Nove punti al di sotto della media continentale (che riguarda l’Europa geografica e non solo i paesi dell’Unione), 14 in più dell’Ungheria ultima classificata, ma 34 in meno della Danimarca che svetta al primo posto. E questo limitando l’analisi ai soli 27 membri dell’UE: a livello mondiale sono più di 40 i paesi che fanno meglio di noi. Sì, ma a quale gioco? A quello della corruzione, meglio della corruzione percepita, perché è esattamente quest’ultima quella che viene annualmente misurata nell’ambito del Corruption perception index realizzato da Transparency International e alla cui ultima edizione fanno riferimento i numeri citati.
Ovvero un indicatore realizzato a partire da 13 dataset di 12 differenti organizzazioni che misurano la corruzione e che ha un valore che oscilla da zero a cento. Ed è tanto più alto quanto più bassa è la corruzione percepita. Tutto male, quindi, nel nostro paese? Paradossalmente, no. Un paradosso che si spiega guardando all’evoluzione storica di questo indice relativo all’Italia. Eccola:
Ormai 12 anni fa, quando venne calcolato per la prima volta questo indice, l’Italia ottenne appena 42 punti. In questo decennio il punteggio è salito, consolidandosi negli ultimi anni a 56. E proprio questo consolidamento, sostiene il presidente di Transparency International Italia Michele Calleri, «conferma l’Italia nel gruppo dei paesi europei più impegnati sul fronte della trasparenza e del contrasto alla corruzione. Un risultato che è anche frutto dell’applicazione di alcune misure normative adottate in materia di whistleblowing e di appalti pubblici».

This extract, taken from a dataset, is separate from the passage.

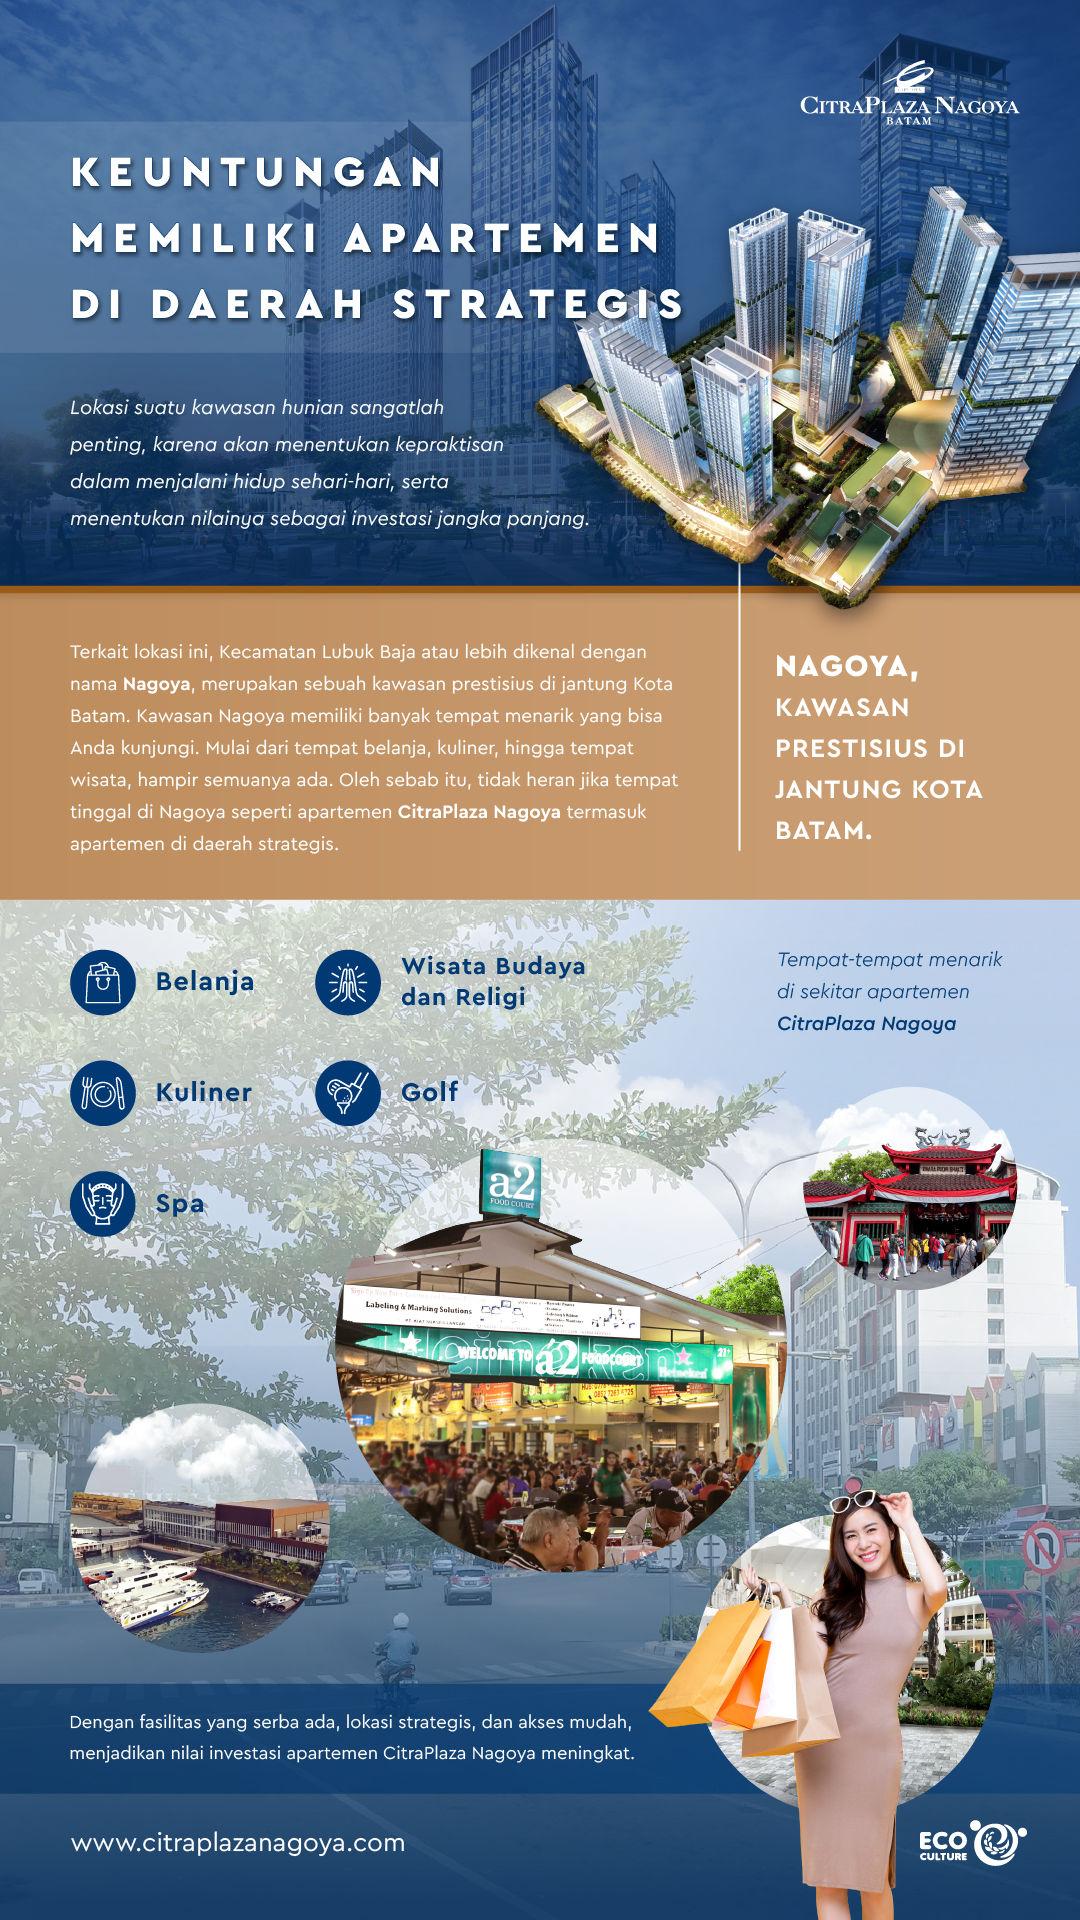 Keuntungan Memiliki Apartemen di Daerah Strategis (Infografis) - CitraPlaza Nagoya

Uno sforzo, ha aggiunto, fondamentale anche in un contesto di guerre e forti tensioni internazionali. Questo perché «la corruzione nuoce all’economia e mortifica l’integrità delle persone, in ogni epoca e in ogni contesto. Occorre che la politica e i governi mantengano in cima alla loro agenda i temi della trasparenza e della lotta alla corruzione». In questo senso, spiega Transaprency International Italia nella nota che ha accompagnato la diffusione dei risultati del Corruption perception index 2023, occorre agire su diversi fronti: «dalle carenze normative che regolano il tema del conflitto di interessi nei rapporti tra pubblico e privato, alla mancanza di una disciplina in materia di lobbying ed alla recente sospensione del registro dei titolari effettivi che limita gli sforzi dell’antiriciclaggio».